Stochastic logical models represent a powerful framework to study the behavior of cellular networks in terms of their steady state (attractor) behavior and their sensitivity to perturbations. This modeling framework does not require the knowledge of biochemical constants that are often unavailable for most cellular processes. An extension of asynchronously (stochastically) updated, discrete time logical models emerged in recent years (Stoll *et al.*, 2017, 2012) using timescale parameters (transition rates) for the model’s variables to generate continuous time Monte Carlo simulations. This approach produces continuous values (probabilities of activation) for a model’s variables, enabling more quantitative analysis and comparison with continuous biological data.

We took this framework of analysis but implemented it with an exact method adopted from chemical kinetics to perform robustness analysis of several published models. Our analysis confirmed the possibility of efficiently applying exact methods in the context of stochastic logical models, as well as the importance of their parametric analysis, two questions so far neglected in the literature.

This analysis raised several questions that need further investigation. First, for parameter fitting to be more efficient and to ascertain if a global minimum was identified, we need to mathematically analyze the dependence of the stationary solution on transition rates and if its monotonicity can be proved, in which case fitting is a convex problem.

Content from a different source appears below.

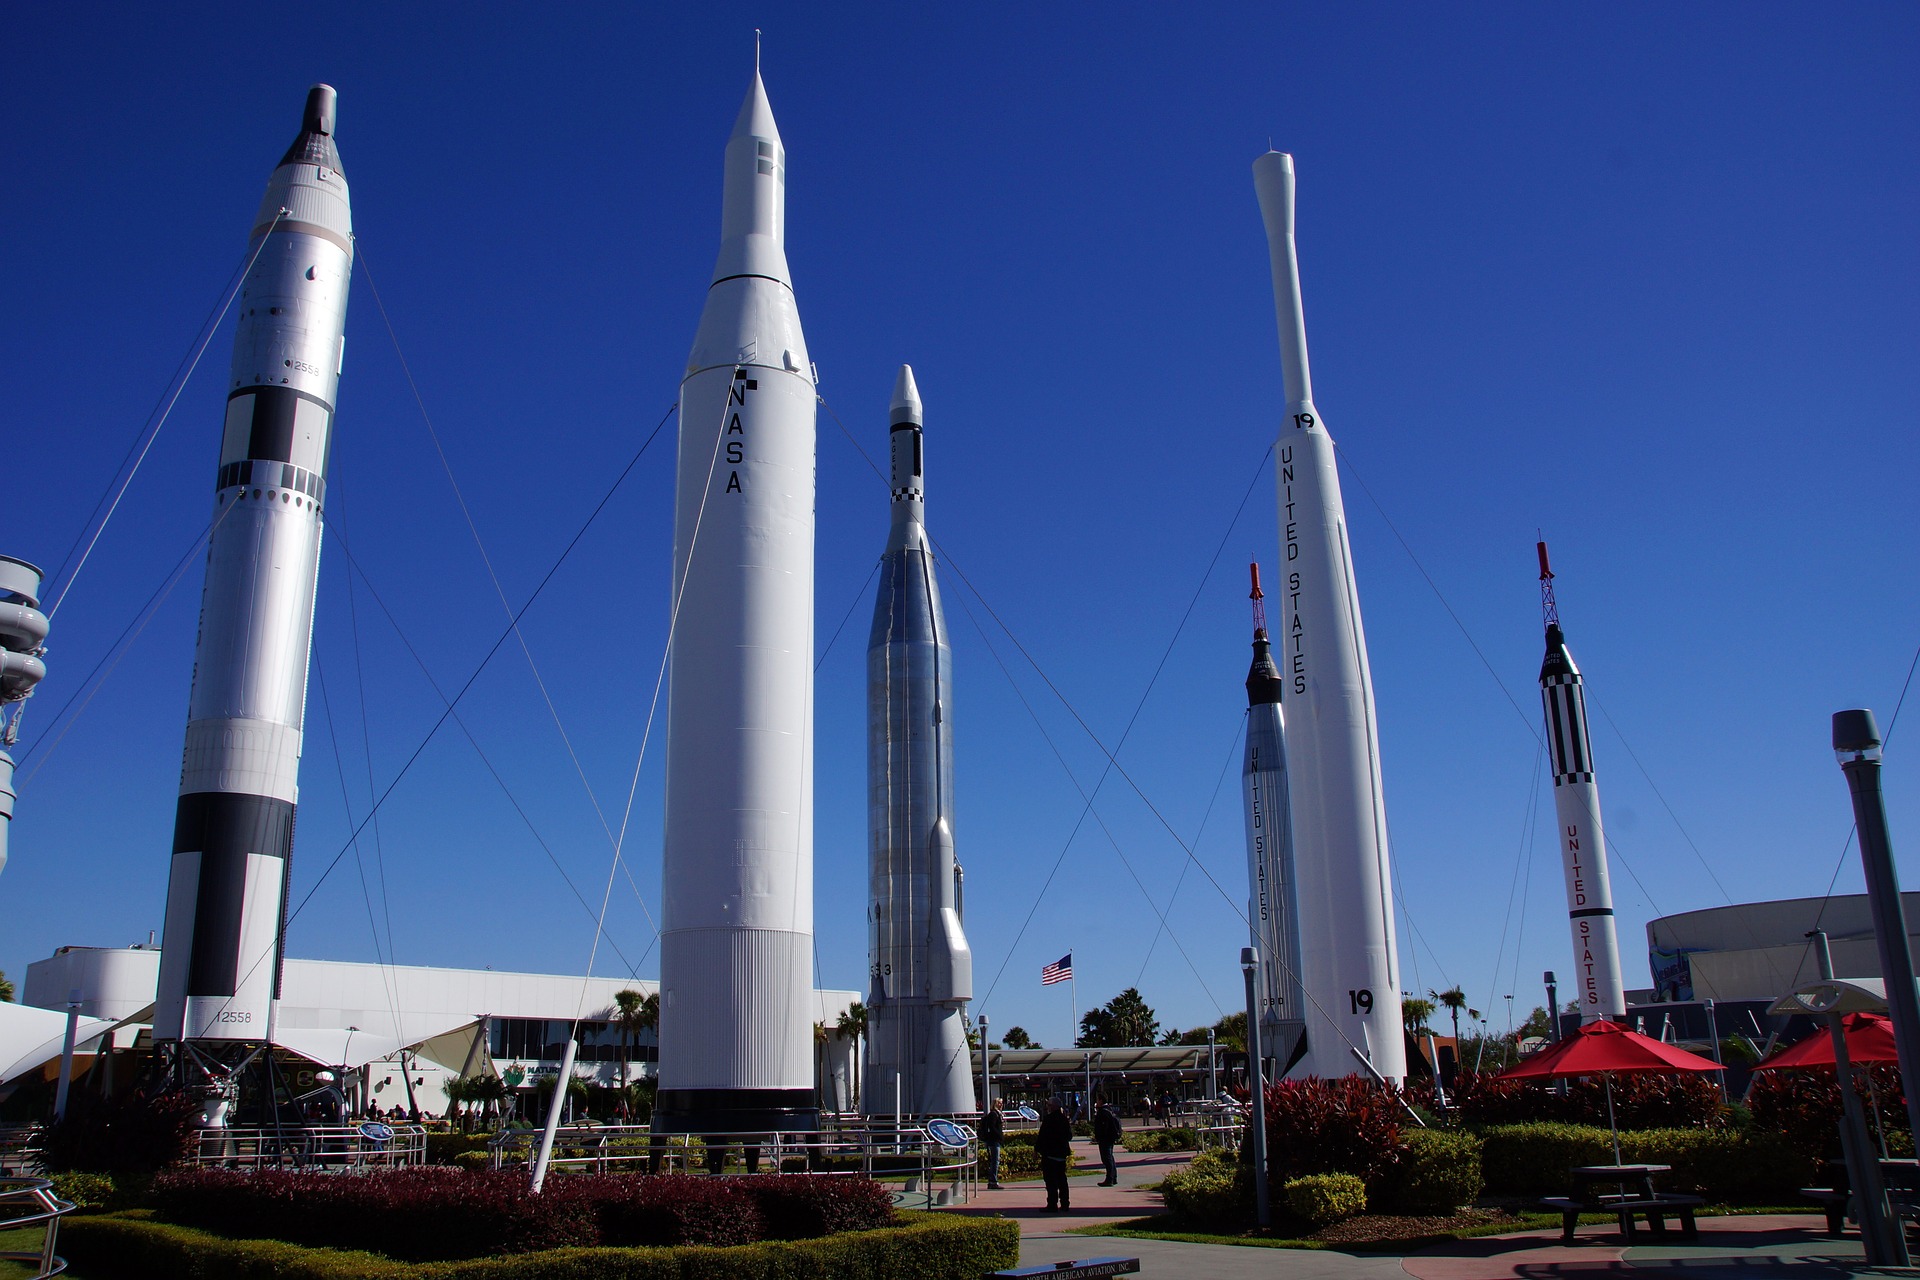 Foguetes no Kennedy Space Center

Second, currently our method has a limit in terms of model size due to the memory requirement of explicitly storing the entire state transition graph as a sparse matrix. The first way to mitigate this problem is to store only those states of the STG that are accessible from the states defined by the initial condition and perform the matrix calculations with this reduced transition matrix. This is partially already implemented in ExaStoLog in as much as the sub-graphs of the STG containing no states with positive initial probability are not used for calculations. However the transition matrix is currently not reduced by eliminating inaccessible individual states.

More fundamentally, the indices of nonzero elements of the transition matrix are compositions of arithmetic series defined by the logical rules. This fact could be exploited to avoid simultaneously storing all transitions individually. We are exploring how already existing methods (Bérenguier *et al.*, 2013) to simplify the STG, such as hierarchical transition graphs, can be used in our exact framework. These are again parameter-independent steps therefore they need to be performed only once for a given model, after which individual solutions with different parameter values can be calculated more efficiently.

By making use of some or all of these simplifications we hope to push the limits of our exact method to encompass larger logical models in the future.

## 6 Funding

This work was part of the COLOSYS project, supported by Agence Nationale de la Recherche under the frame of ERACoSysMed-1, the ERA-Net for Systems Medicine in clinical research and medical practice.

## 7 Contributions

M.K. conceived and implemented the method.

M.K. wrote the manuscript with input from A.Z., L.C. and E.B.

V.N. worked on translating the toolbox into Python (ongoing).

## 8 Acknowledgements

We thank our partners Christine Sers, Markus Morkel and Natalie Bublitz at Charité - Universitätsmedizin Berlin for their insightful comments on the biological interpretation of logical models.